TRY IT: The answer must be the full data, restated word for word, with no pictures in it.

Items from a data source
■ ■ ■ ■

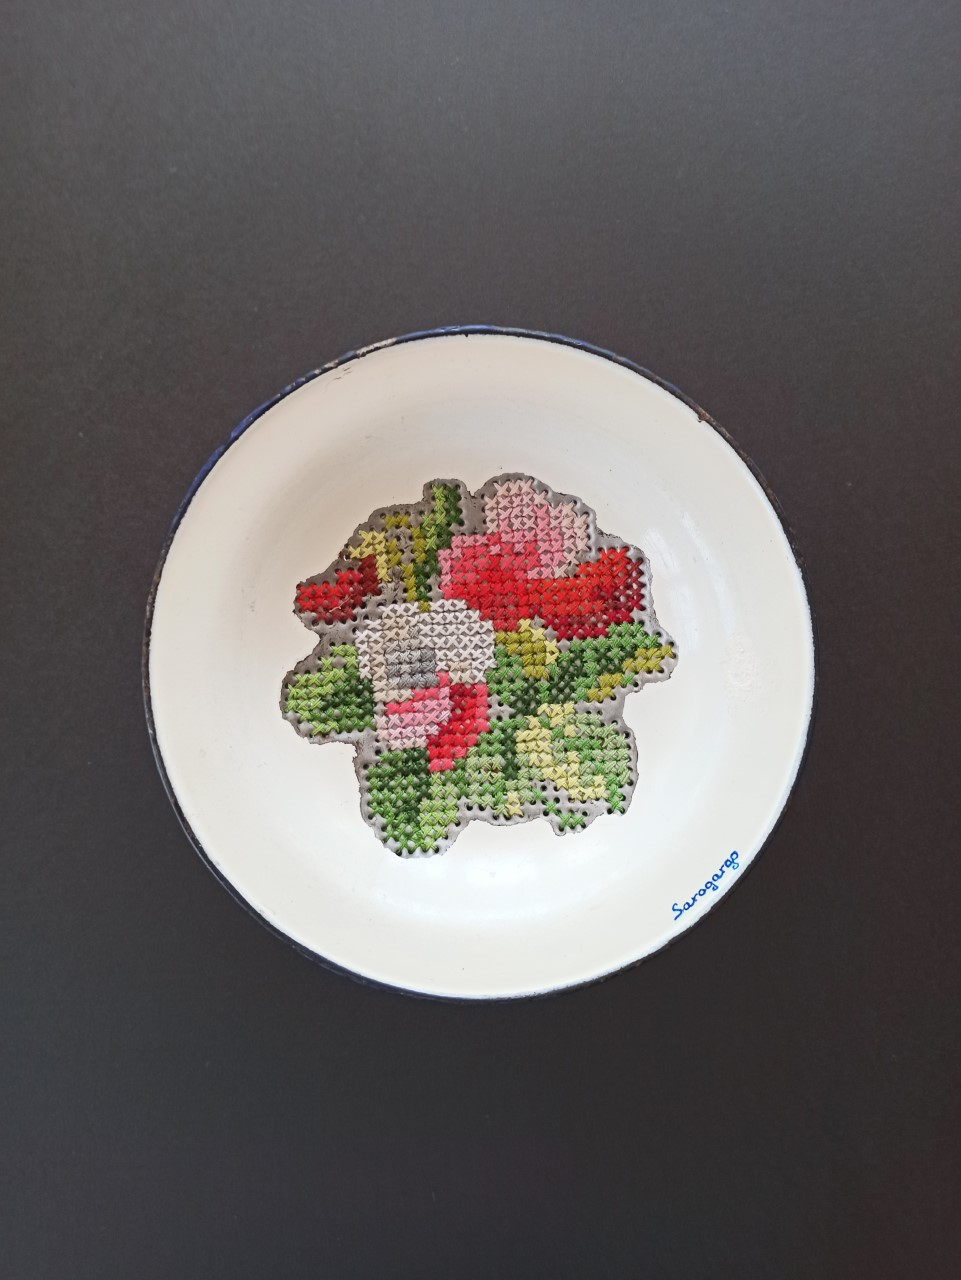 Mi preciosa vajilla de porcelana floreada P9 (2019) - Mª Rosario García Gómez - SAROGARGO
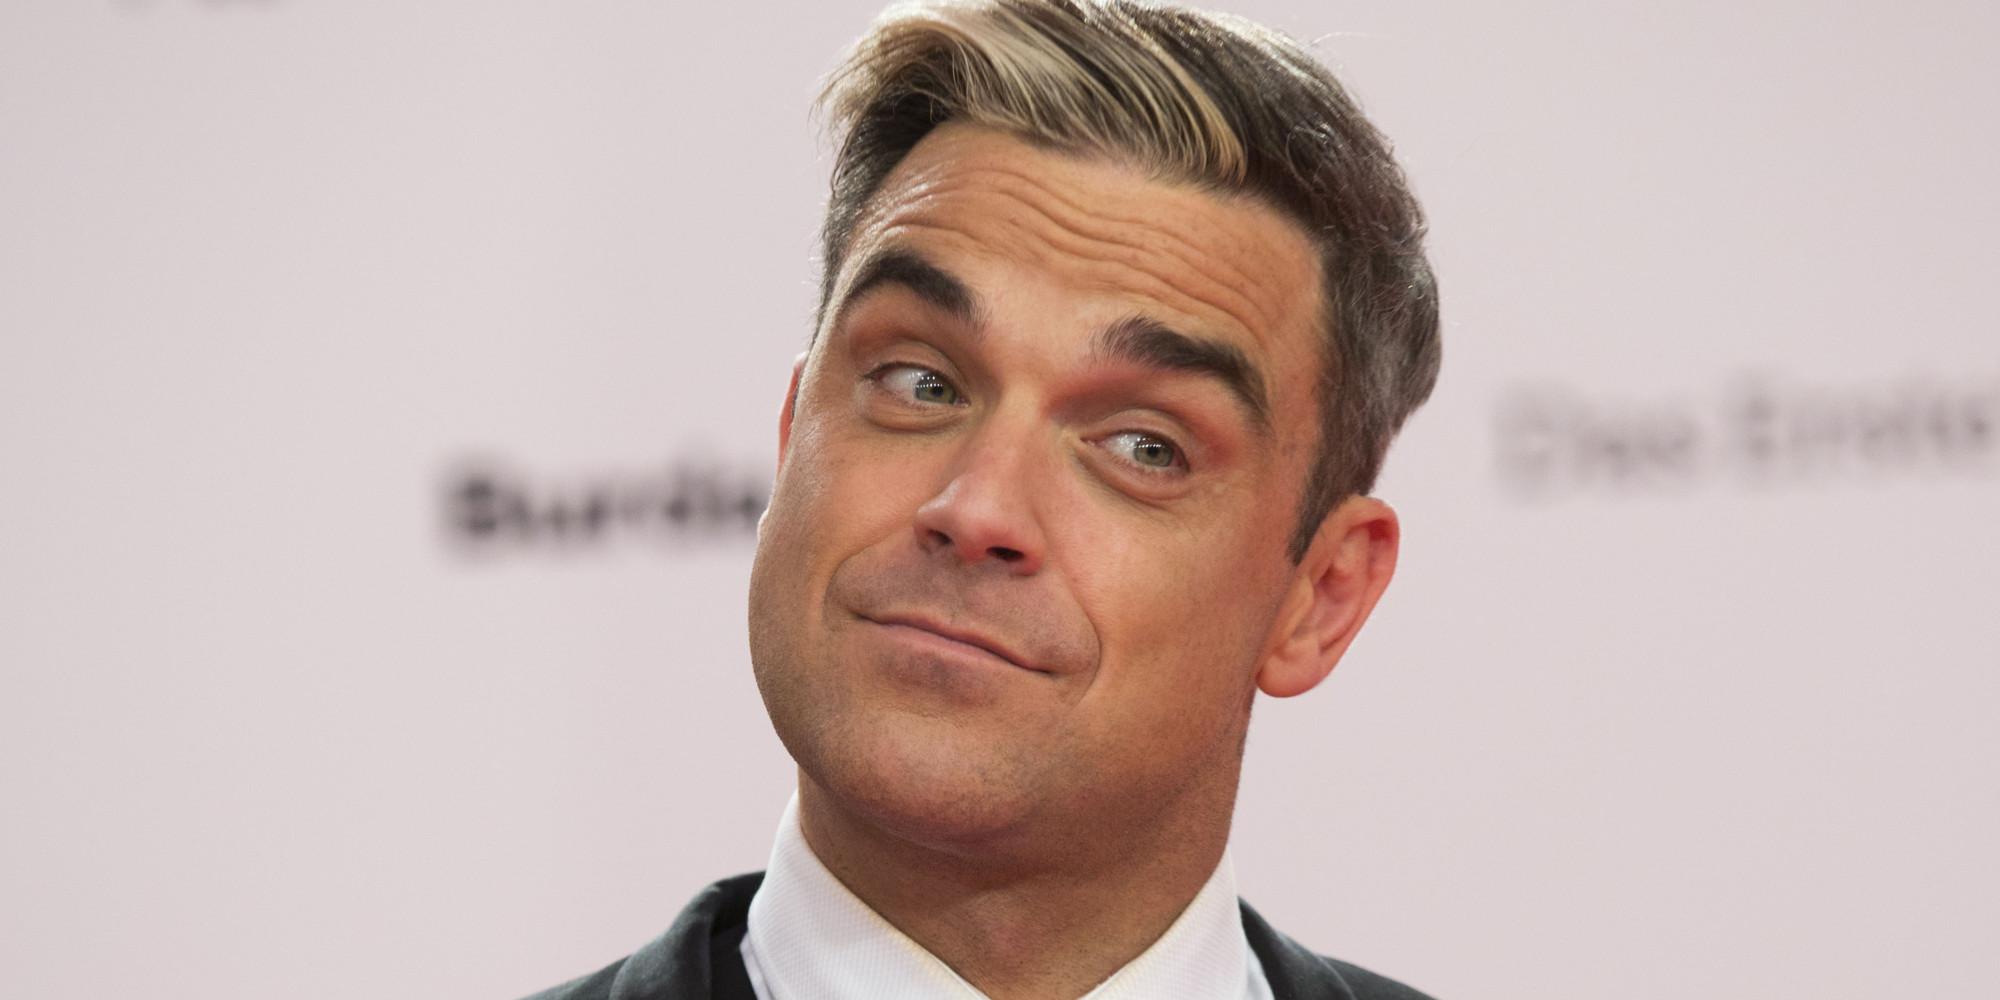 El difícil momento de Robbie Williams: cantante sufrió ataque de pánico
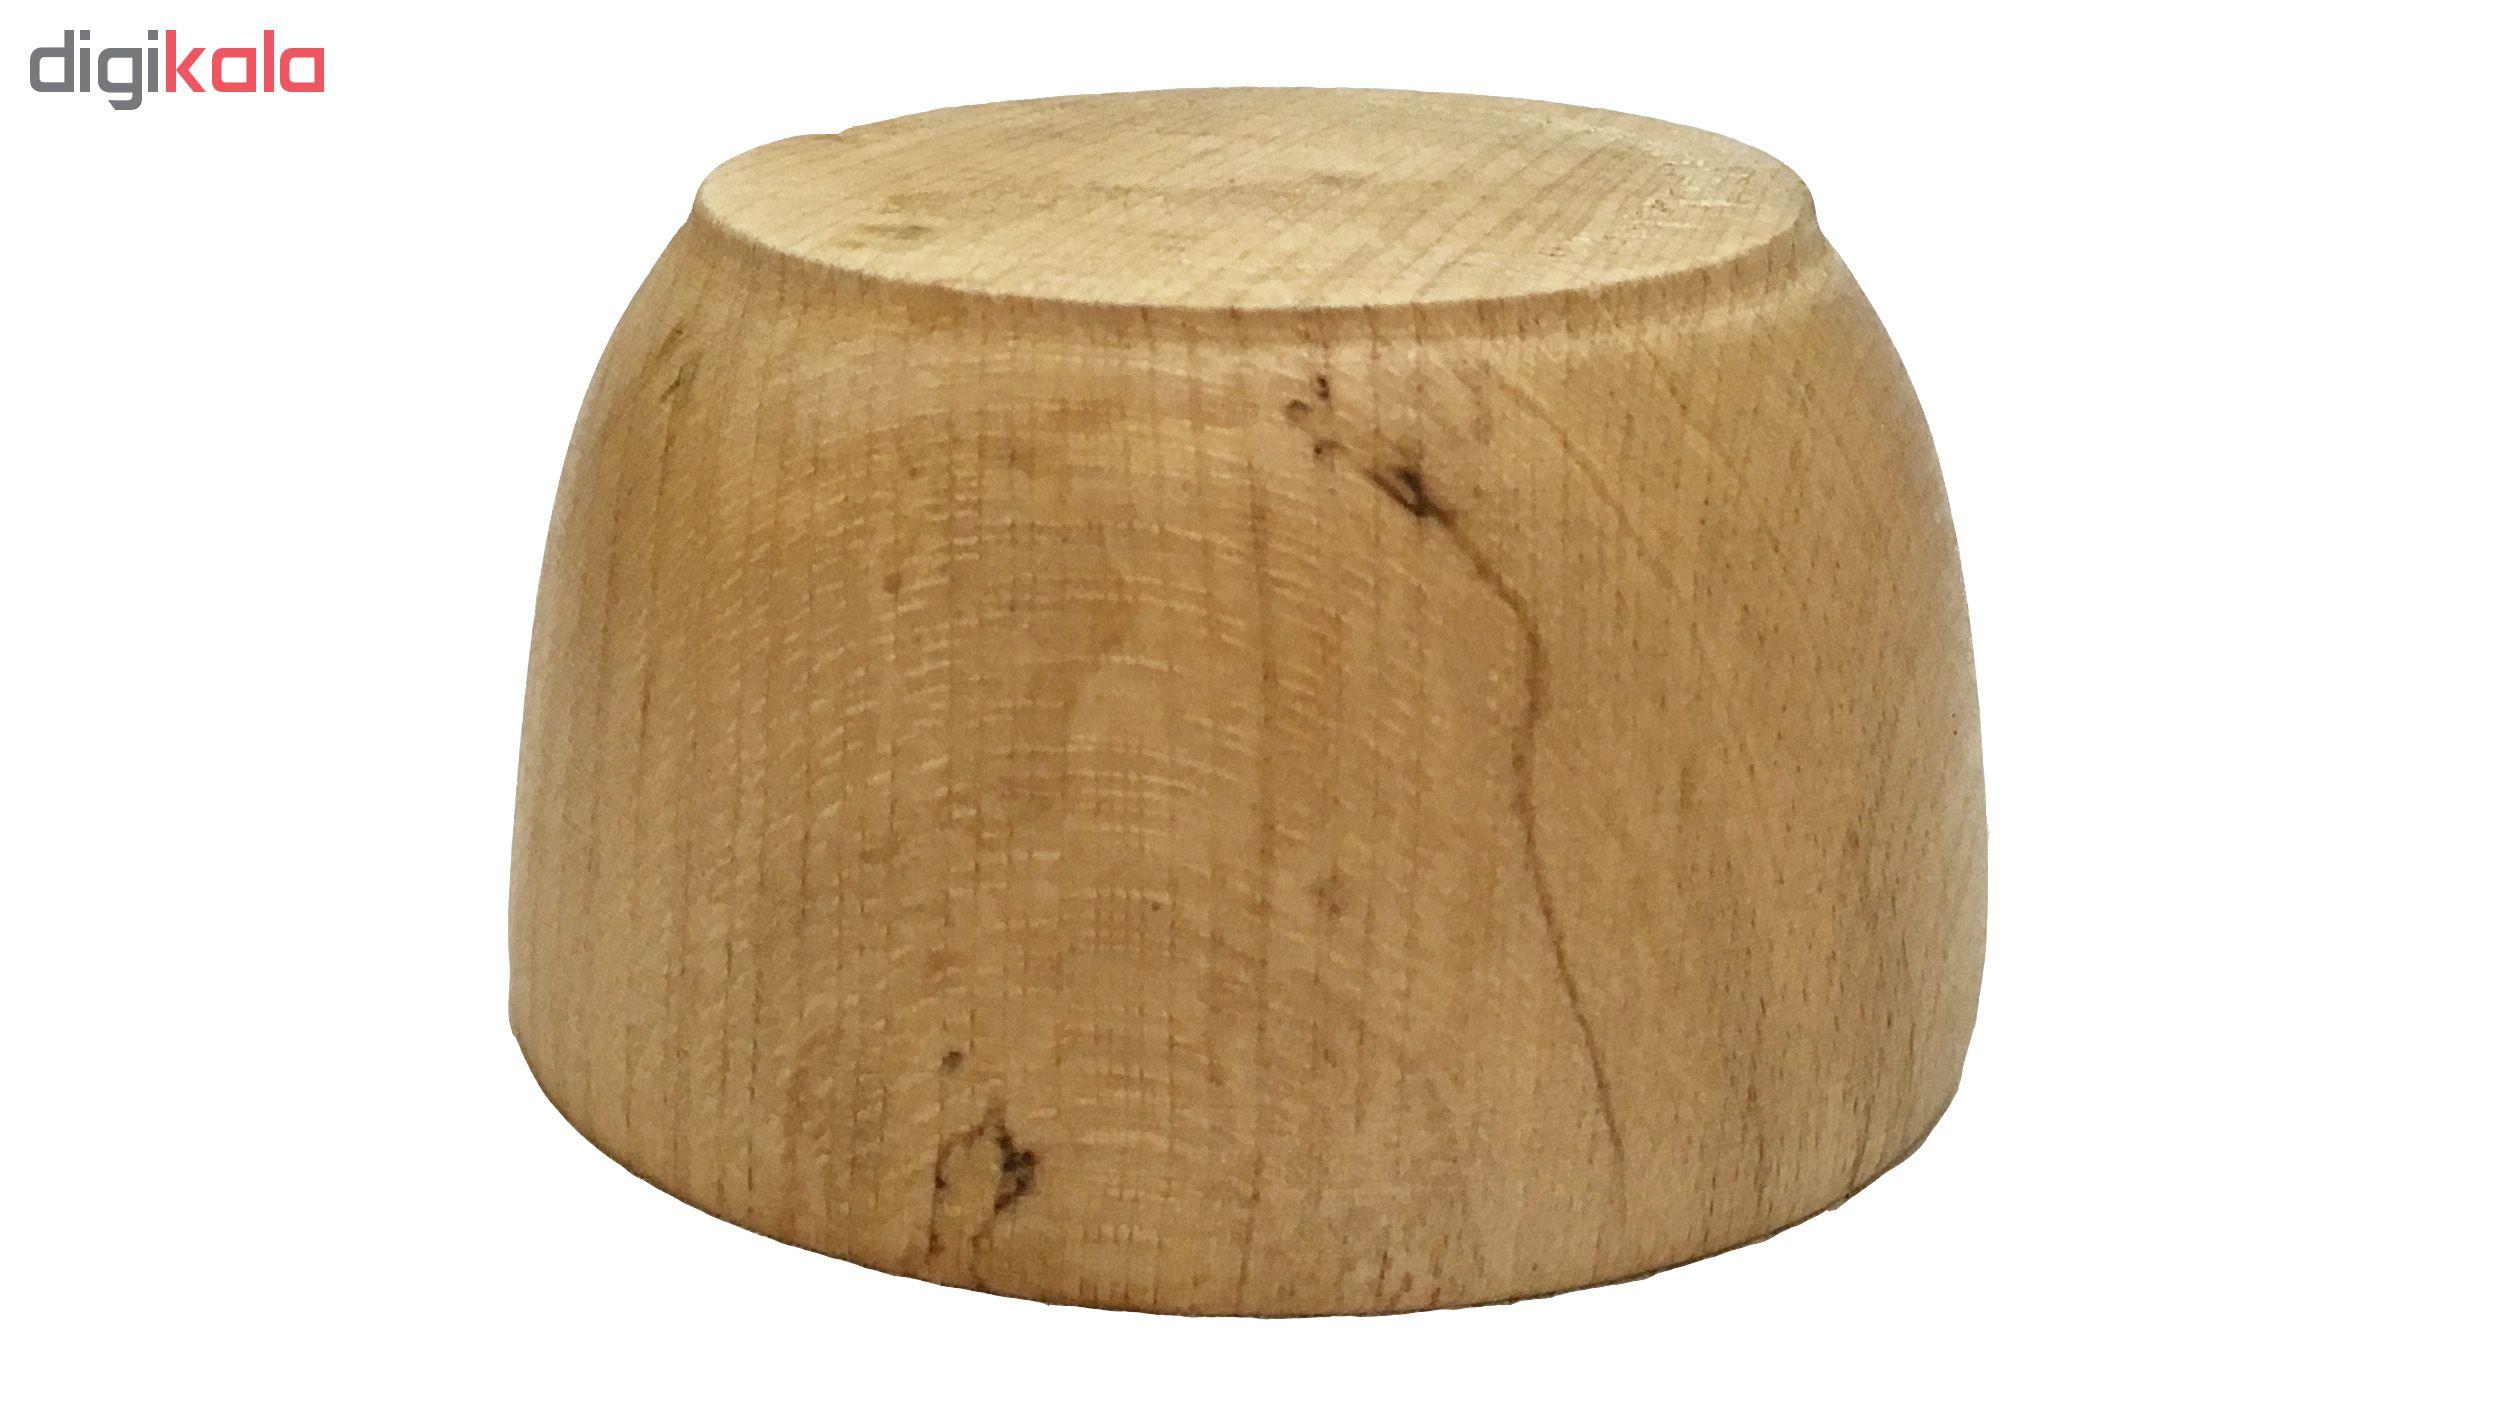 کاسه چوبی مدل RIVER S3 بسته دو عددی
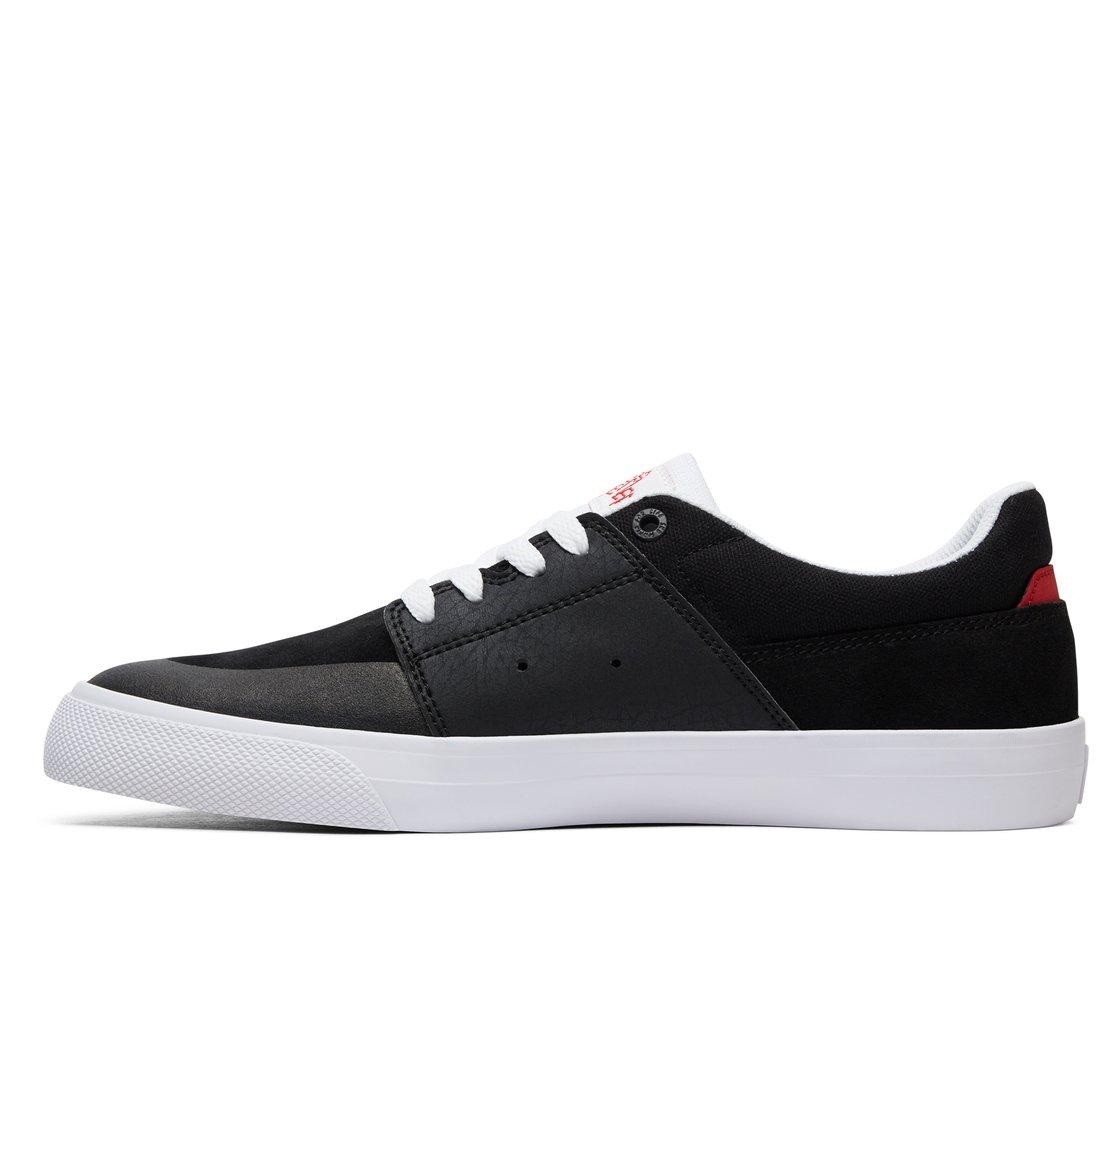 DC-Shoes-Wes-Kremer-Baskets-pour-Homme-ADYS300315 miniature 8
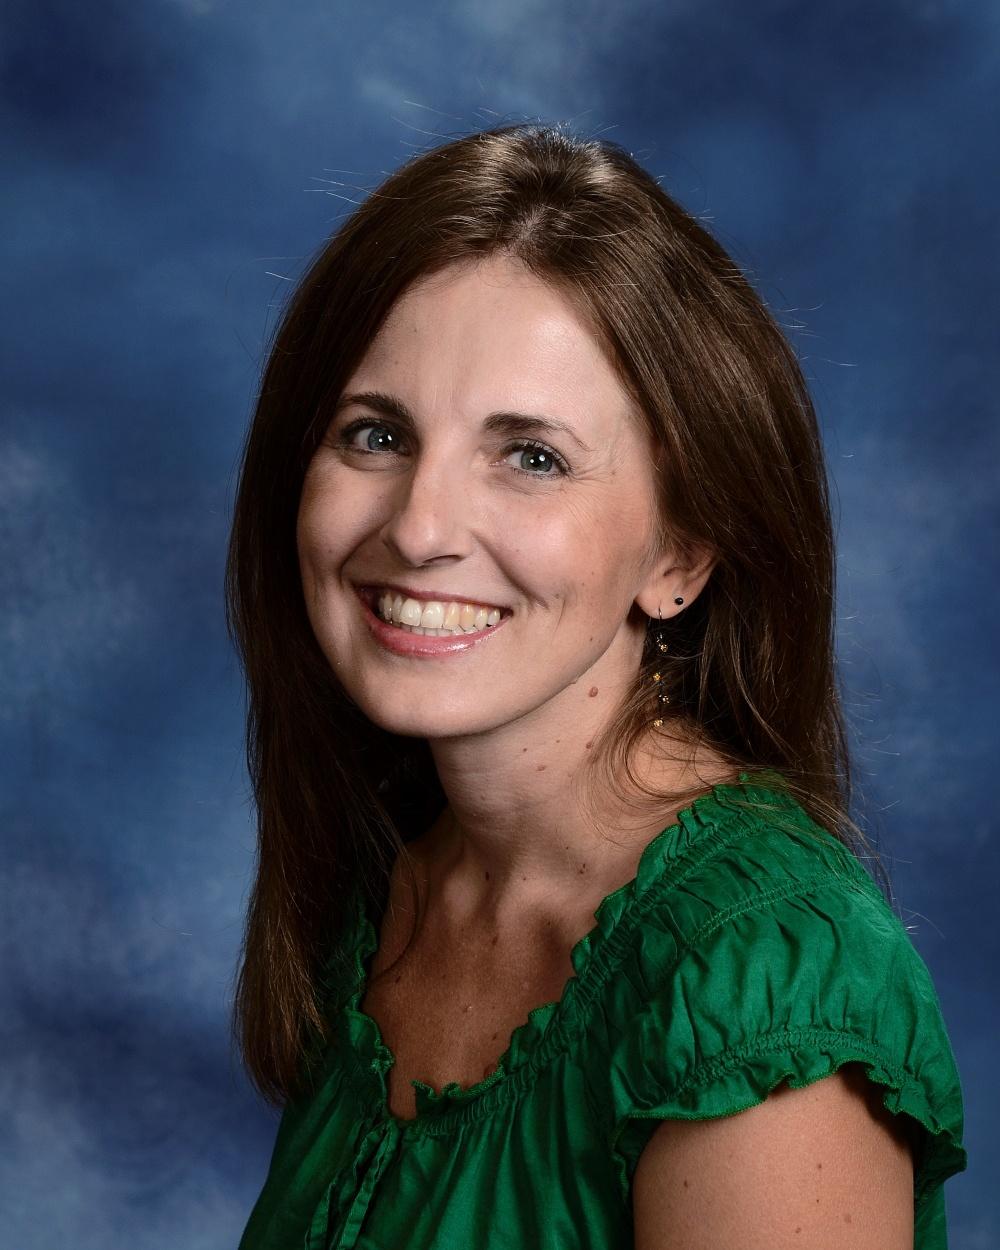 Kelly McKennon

■ ■ ■ ■

WRITTEN SOLUTION:
 Mi preciosa vajilla de porcelana floreada P9 (2019) - Mª Rosario García Gómez - SAROGARGO
 El difícil momento de Robbie Williams: cantante sufrió ataque de pánico
 کاسه چوبی مدل RIVER S3 بسته دو عددی
 DC-Shoes-Wes-Kremer-Baskets-pour-Homme-ADYS300315 miniature 8
 Kelly McKennon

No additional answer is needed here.